1907 Canadian Imperial Bank of Commerce
Union Bank of Canada Building
Canadian Imperial Bank of Commerce (1907)
Innisfree Prairie Bank of Commerce
Prairie Bank of Commerce
Imperial Bank of Commerce

Links and documents

Construction Date(s)


Listed on the Canadian Register: 2006/03/31

Statement of Significance

Description of Historic Place

The Canadian Bank of Commerce Building is an early twentieth century, two-storey wood building situated on a double corner lot on Innisfree's main street. Built in the Neo-Classical style, the bank features a rounded pediment above the front entrance, fluted pilasters crowned by Ionic capitals, a plain frieze and a pedimented gable containing an ox-eye window.

Heritage Value

The heritage value of the Canadian Bank of Commerce Building lies in its association with the early establishment of financial institutions in Alberta's rural areas. It also possesses heritage value for its fine embodiment of the "Prairie Type" of Neo-Classical architecture commonly used for rural banks in western Canada.
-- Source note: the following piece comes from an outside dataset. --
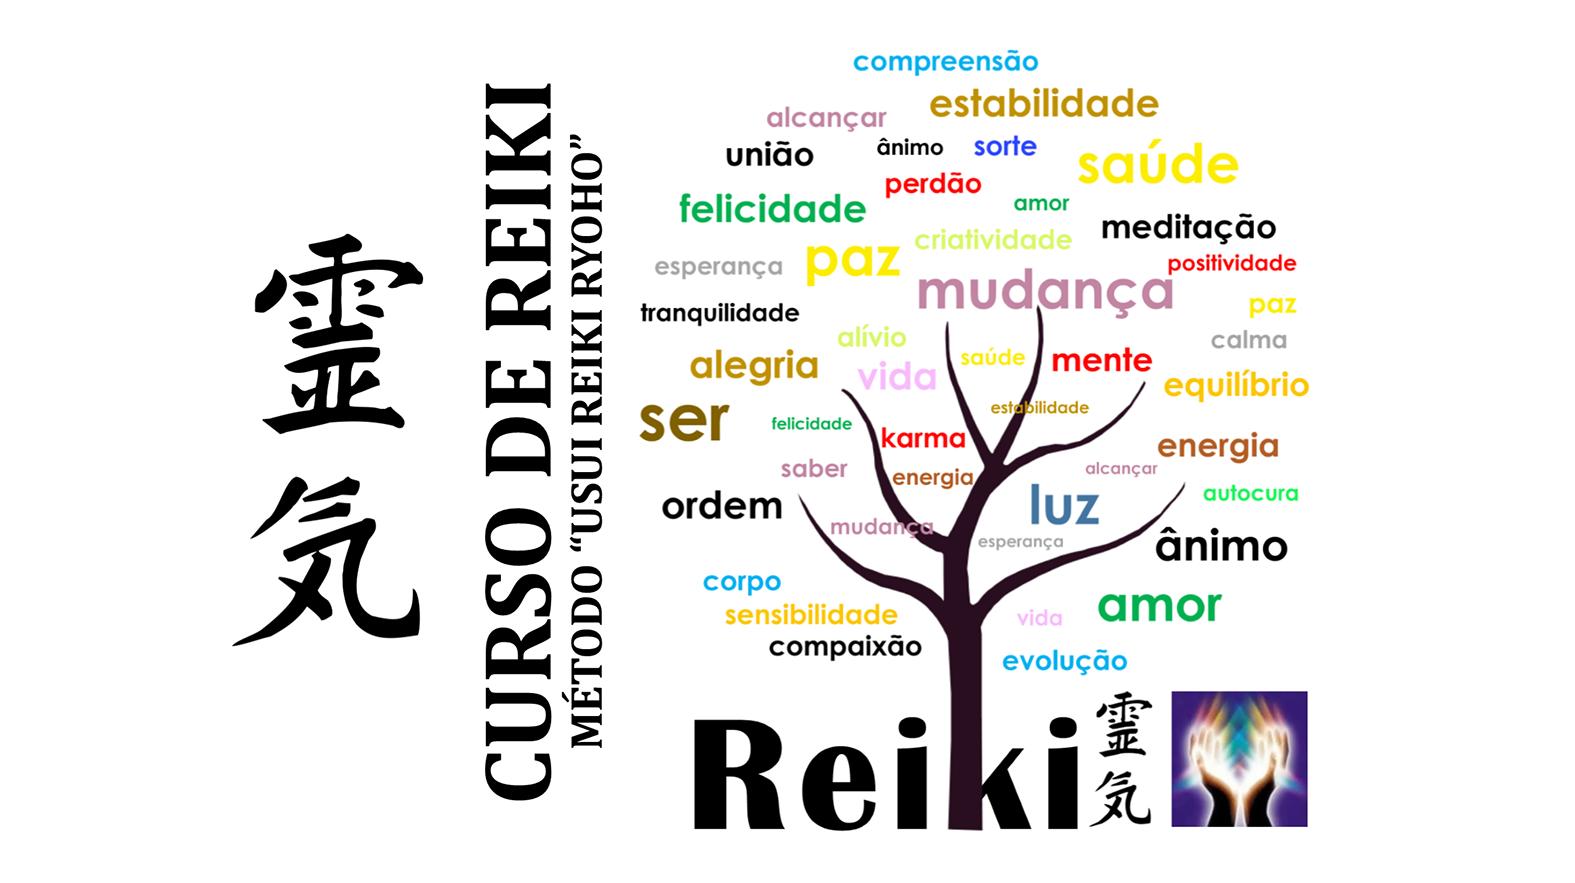 Curso de Reiki - Faça sua Inscrição!

In 1905, the Canadian Northern Railway (C.Nor.R) completed work on its line from Edmonton to Lloydminster. Numerous sidings had been established along the track to service the railway and its workers. One of these sidings, Delnorte, developed into a modest, but prosperous, mixed farming community that also provided services to the surrounding agricultural hinterland. Local lore has it that in 1905, Sir Edmund Walker, general manager of the Canadian Bank of Commerce, toured the Delnorte area and noted the similarities between the landscape of nearby Birch Lake and that of Innisfree, his family retreat beside Ontario's Lake Simcoe. Walker reputedly agreed to provide the settlement with a branch bank in exchange for the townsfolk renaming their community after his summer place. Perhaps as a result, Delnorte became Innisfree and, in 1906, the first Canadian Bank of Commerce branch was established in the community in temporary premises. The following year, the branch relocated to the impressive Neo-Classical bank building that it would occupy for the next nine decades. The founding of the branch bank at Innisfree mirrored the establishment of early financial institutions in other rural communities throughout the province. Banking in western Canada during the first decade of the twentieth century was both highly speculative and highly competitive; financial institutions built banks in promising settlements like Innisfree in the hopes of establishing a regional monopoly. These village banks become essential institutions in rural Alberta, integral parts of the growing agricultural economy of the province after the turn of the century. The bank at Innisfree is one of the earliest village banks still standing in Alberta.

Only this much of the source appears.